Kategorie:
W ciągu ostatnich kilku dni doszło do bardzo dużej ilości obserwacji przedstawiających trudne do identyfikacji obiekty. Jedno ze zjawisk świetlnych uchwyconych za pomocą SOHO wprost przypomina wizerunki Nibiru pozostawione w artefaktach starosumeryjskich.
Wspomniana dziwna obserwacja miała miejsce 20 lutego. Widzimy tam obiekt, być może astronomiczny, który w LASCO C2 wygląda zupełnie jak wizerunki sumeryjskie.
Oczywiście nie jest to raczej mityczna Nibiru, i prawdopodobnie jest to Merkury, ale podobieństwo między wizerunkiem ze starożytności a tym widocznym wczoraj jest uderzające i gdyby rzeczywiście pojawiła się taka duża planeta, jakiej oczekują zwolennicy teorii Nibiru to z dużym prawdopodobieństwem na niebie mogłoby to wyglądać podobnie. Trzeba przyznać, że to daje trochę do myślenia.
Jednak jest to tylko jedna obserwacja a w sumie było ich tak dużo, że wystarczyło na przygotowanie siedmiominutowego filmu. W pierwszej jego części można zobaczyć wielką kolekcję tak zwanych "artefaktów obrazu". Warto poświęcić kilka minut i wyrobić sobie zdanie na temat natury tego zjawiska.
Oficjalnie to niedoskonałości matrycy CCD, ale dziwi to, że zamiast nieregularnych zakłóceń składających się z losowych pikseli widzimy regularne kształty obiektów często symetrycznych. Jest tego tak dużo, że uznanie, iż to nie fantomy cyfrowe a rzeczywiste obiekty implikowałoby konieczność zgłębienia przyczyn obecności tych tworów w bezpośredniej okolicy naszej gwiazdy.

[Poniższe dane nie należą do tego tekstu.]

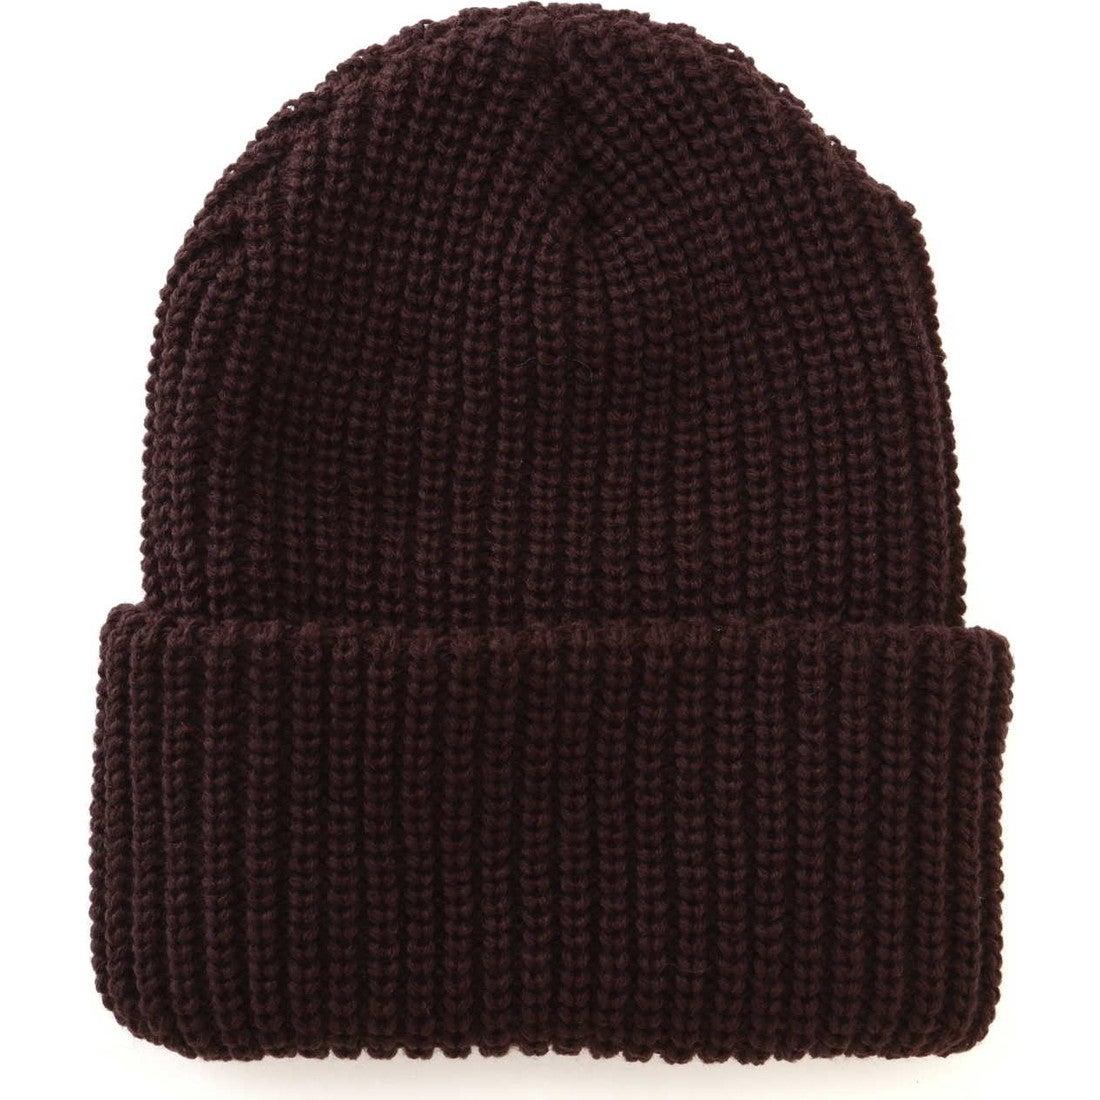 NYHATニット帽BROWN1

Wszelkie zdjęcia wykorzystane do kompilowania tego materiału filmowego znajdują się na oficjalnych serwerach NASA. Zostały one wykonane za pomocą następujących urządzeń rejestrujących: LASCO C2, LASCO C3, SOHO, STEREO Ahead & Behind w filtrze EUVI 195. Gdy widzi się tak duża ilość niezidentyfikowanych kształtów i to obserwowanych za pomocą różnych satelitów to są tylko dwie możliwe interpretacje tego faktu, albo ludzkość posiada bardzo wadliwe koronografy, albo jest tam coś jeszcze, czego do końca nie rozumiemy.